I was a big Seinfeld fan back in the day. The show about nothing seemed a perfect idea, because after all, it wasn’t really about nothing was it.
It was about nothing significant. Nothing special. Nothing out of the ordinary.
It was just ordinary life with its twists and foibles and injustices and humour…always humour. In that sense it was about everything. Every life.
This post is about nothing.
It’s about nothing special, show-stopping or incredible.
It’s about the everyday.
I haven’t blogged for a while. Actually, I have blogged but it’s been in my mind as I drove around Auckland, or diced onions or watched TV on a lazy Sunday night. I just haven’t committed this ‘nothing’ to my keyboard.
Sure, I’ve had challenges. My laptop blew up. Poof! Our house in the UK took forever to settle (bloody lawyers!) and the stress was overwhelming. After three weeks of phone calls to England in the wee hours of the morning we were walking dead. Then when it did settle, the lawyers held onto our sale proceeds for seven days! What did Shakespeare say ‘first kill all the lawyers…’
The dog’s greyer around the muzzle, the kids have exams, my Englishman has been better, then worse, then better – recovery isn’t a straight line – and we all seem to go up and down with him. I guess it’s company. After all, who better to offer empathy than someone who also suffers from visits from the black dog from time to time?
We visited the local Buddhist temple – Fo Guang Shan – to steal some quiet and admire the spring flowers.
I took time to grab the stunning sunsets from our spot on the hill.
And to pick the Spring flowers from our rambling au naturel (messy) cottage garden.
But I’m not using any of these as excuses. I haven’t blogged for a while because I didn’t want to be visible. I just wanted to get on with my ‘nothing’. I didn’t want empathy, or advice or help or even attention. I just wanted to get on with it. After all whilst it’s nothing to you, it’s been my sharp sharded reality for a few months now.
We’ve had visitors staying – a nice local family with a dying dog. We had a rental inspection, and I almost internally combusted trying to clean the carpet on my hands and knees.
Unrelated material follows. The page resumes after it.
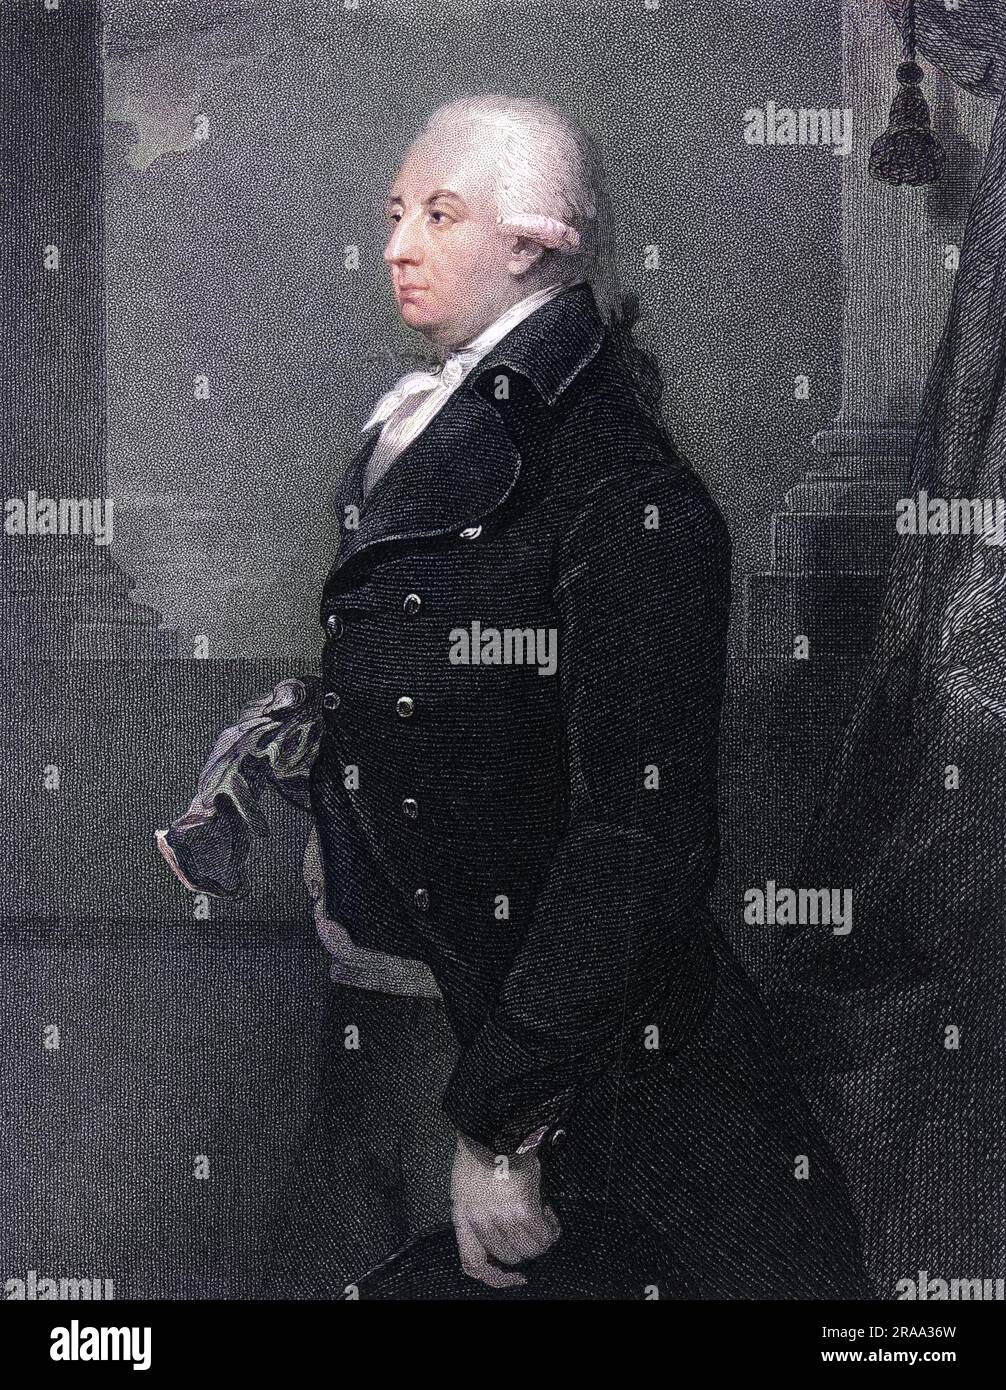 JOHN KER, terzo duca di ROXBURGHE statista e collezionista di libri Data: 1740 - 1804 Foto Stock

It’s Spring, so weatherwise (as with all things it seems) it’s two steps forward one step back.
There’s been dinners with friends and early morning writing sessions on ‘From Pavlova to Pork Pie’ which is coming along, albeit slowly.
Last week, school finished early for a teacher’s meeting and as Miss Fliss made her way home a school-mate was killed on the Pakuranga Highway.
It struck me that his day started ordinarily, probably with cereal – six Weetbix and half a bottle of milk, if he’s anything like my teens – then a ride on his new motorbike to school.
And then it ended.
It all ended.
Although we didn’t know him, my mother-heart sobbed.
I grabbed my kids and ‘checked in with them’ – probably too casually. I sent prayers and thoughts and strength to his grieving family and all the while I wondered about this mystery.
How all our lives are nothing, and yet simultaneously, something.
Something incredibly precious.
Tell your people you love them. Grab this nothing-day and make it matter. Suck the marrow out of life and chew on its bones. All that ‘nothing’ is worth so much. It’s so fragile and beautiful and fleeting and yet so deeply etched with meaning.
Today, I’m going to live as I’ve written. Today, I’m going to live my nothing, as if it’s the most special gift I’ve ever been given.